Clinical Findings: Scurvy is a disease that can affect a wide range
of organ systems. The skin and mucous membranes are always involved and may
display the initial symptoms of the disease. Recognition of these symptoms is
critical in diagnosing the disease and preventing long-term illness. Scurvy is
a rare disease in regions of the world with access to proper dietary intake of
vitamin C. In North America and Europe, most cases are the result of abnormal
dieting, psychiatric illness, or alcoholism.

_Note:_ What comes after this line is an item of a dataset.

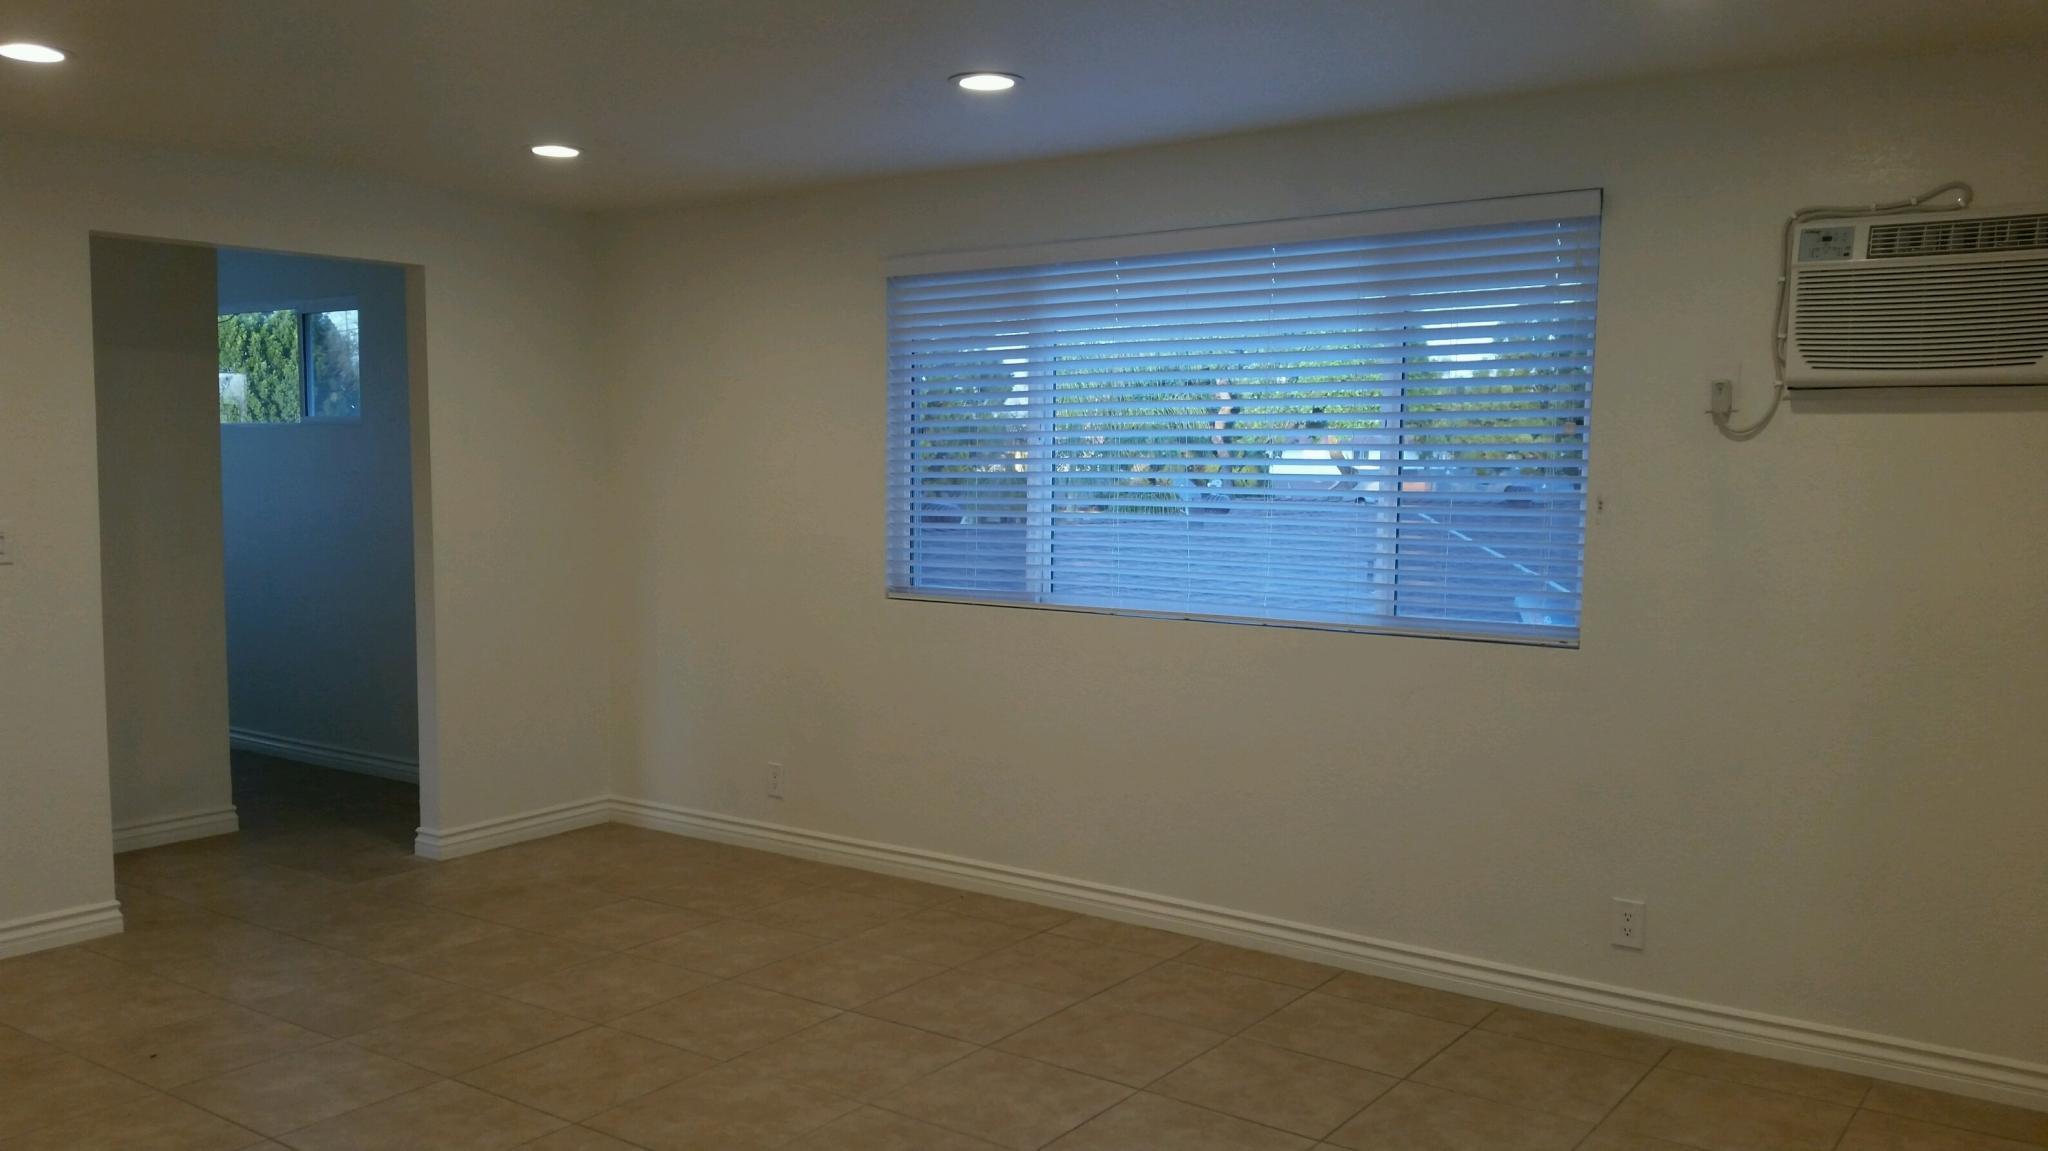 139 S Ridgeway St #4, Anaheim, CA 92804 For Rent | Trulia

Prompt recognition of the
cutaneous manifestations can lead to treatment and cure of the disease. Scurvy
has an insidious onset with nonspecific constitutional symptoms such as
generalized weakness, malaise, muscle and joint aches, and easy fatigability
with shortness of breath. These symptoms may be related to the macrocytic
anemia that is frequently seen in patients with scurvy and is believed to be
caused by a coexisting folic acid deficiency.
The
first clinical findings are often in the mucous membranes and the skin.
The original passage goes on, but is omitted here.